一道与雷火球大小差不多的紫黑色爪印骤然出现在空中,它的姿势与游衿手上摆弄的样子完全一致。
随着游衿用力地向右一划,那空中的爪痕直接将那雷火球给撕成了六瓣。
泄露而出的能量在空中炸开,无数竹林被爆炸产生的冲击点燃、炸裂。
几百米的竹林再无一根好物。
而那长老也是没有想到那入侵的贼人有这般实力,能够在空中将自己的杀招拦截,于是错估了安全距离。
那位长老也是暂时被气浪给震飞了出去。
在这半秒结束后,五柄飞剑也是即将到达游衿的后背。
又是那完全看不清也察觉不出来的速度,游衿的另一只手就这么硬生生将五柄飞剑全部抓在手中,让它们无法再有存进。

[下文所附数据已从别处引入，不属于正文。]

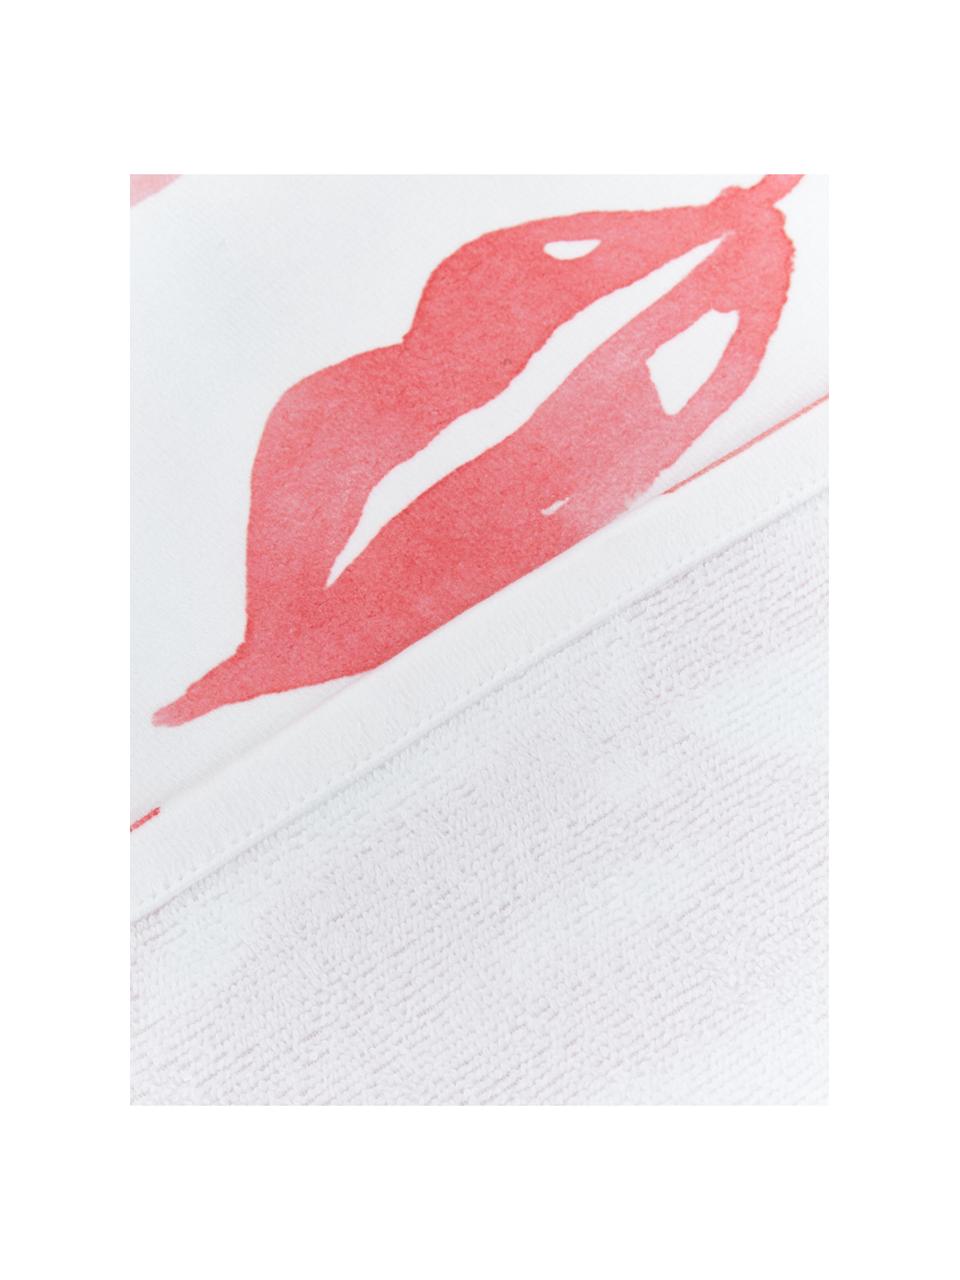 Ręcznik plażowy Pout, 55% poliester, 45% bawełna
Bardzo niska gramatura, 340 g/m², Biały, czerwony, blady różowy, S 70 x D 150 cm

一切发生的都是那么的迅速,从他们出招,到被爪魔全部化解。
下一秒,在爪魔那不知何种材料制成的寒爪下,五柄飞剑如同脆玻璃般被捏成碎片。
“噗!”
本命法宝受损,白裘也是第一时间被反噬,口中吐出了许多鲜血。
还未等白裘反应过来,爪魔瞬间挣脱脚上的束缚,下一瞬就到了他的眼前。
“破海境,还真是挺强的。”
这不知是夸赞还是嘲弄的声音从爪魔的口中说出来后,白裘的耳朵里又多出了另一种声音。
那是身体被贯穿,血肉被挤压而出的声音。
爪魔的寒爪如同简单伸手般就这么轻易地突破了他的防御,并且洞穿了他的身体。
白裘先是有些迷茫地看着肚子上那穿过去的手臂,然后又抬头看着眼前那依旧散发着无边煞气的恶魔。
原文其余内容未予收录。